Revolutionizing Conversational AI: Microsoft Unveils Agentic Retrieval in Azure AI Search
2025-05-31
Author: Charlotte
Microsoft's Groundbreaking Leap in AI Conversational Systems
In a game-changing announcement, Microsoft has unveiled the public preview of agentic retrieval within Azure AI Search, a revolutionary query engine designed to tackle complex questions with unparalleled efficiency. This innovative technology promises to boost answer relevance in conversational AI by up to a staggering 40% when compared to traditional Retrieval-Augmented Generation (RAG) methods.
It’s not just about providing answers; this multi-turn system taps into conversation history and utilizes Azure OpenAI to deconstruct queries into targeted subqueries, executing them simultaneously across text and vector embeddings.
How It Works: Streamlined Retrieval Process
With its robust new features, agentic retrieval is accessible through a newly introduced Knowledge Agents object in the 2025-05-01-preview data plane REST API and Azure SDK prerelease packages.
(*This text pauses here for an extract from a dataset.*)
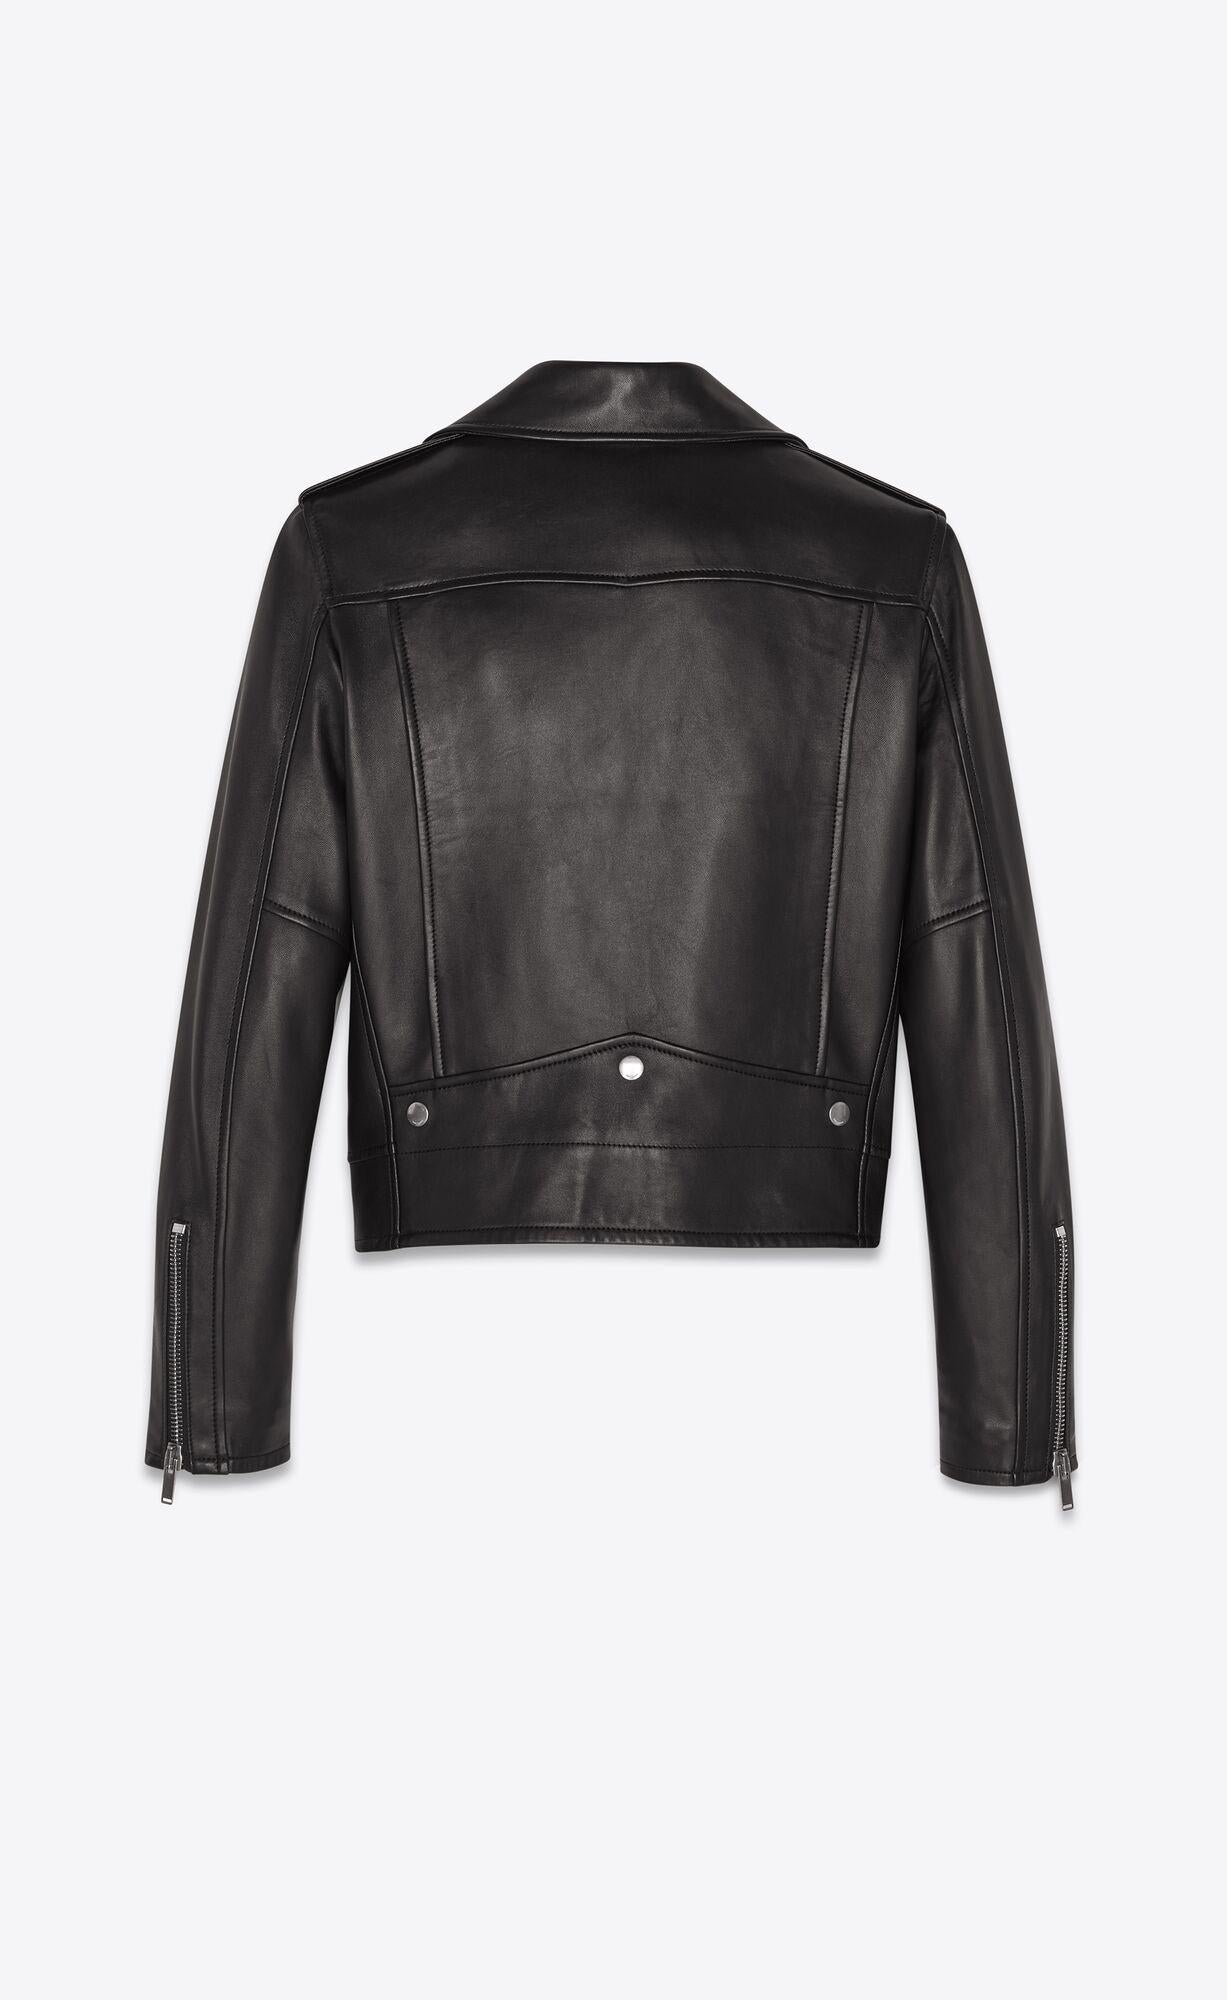 Saint Laurent Mens Classic Black Leather Motorcycle Biker Jacket

A staple in any man’s wardrobe, Saint Laurent's leather jacket puts a luxurious twist on the classic. Italian made, it takes design cues from biker styles with its lambskin leather

This functionality builds on the established index of Azure AI Search, linking a dedicated "Agent" resource with Azure OpenAI, while the retrieval engine orchestrates the entire process.
Matthew Gotteiner from Microsoft elaborated during a recent Build conference, shedding light on the intricacies of the agentic retrieval approach. The journey begins with a large language model (LLM) analyzing the entire chat thread to pinpoint the essential information. This is followed by a meticulous planning stage that incorporates both chat history and the original query.
Speed vs. Complexity: The Balancing Act
One intriguing aspect of this process is the relationship between speed and the number of subqueries generated. While the system is designed to boost efficiency by running subqueries in parallel, Gotteiner noted that a complex, multi-faceted query could take longer to resolve. Interestingly, utilizing a more straightforward query planner that produces fewer broad subqueries may yield quicker results than a detailed planner aimed at generating numerous highly focused subqueries.
Enhanced Results and Insights
Once the subqueries are executed, the results are refined using Azure's semantic ranker, resulting in a cohesive grounding payload that includes the top findings alongside structured metadata. Additionally, the API provides a comprehensive activity log of the entire retrieval process, ensuring transparency and insight into how the system operates.
The Future of Intelligent Knowledge Retrieval
In a compelling summary, Akshay Kokane, a Software Engineer at Microsoft, shared insights on a blog, emphasizing the shortcomings of traditional RAG systems in meeting the demands of complex enterprise scenarios. He argued that while these systems serve as excellent for enhancing large language models (LLMs) with specific domain knowledge, their static, linear workflows are often insufficient.
Enter Agentic RAG (ARAG). This dynamic approach fills the gaps by introducing intelligent reasoning, adaptive tool selection, and iterative refinement. This allows agents to modify their search strategies, evaluate results, and craft more precise, context-rich answers — making them perfectly suited for the ever-evolving requirements of business, compliance processes, and multi-source data environments.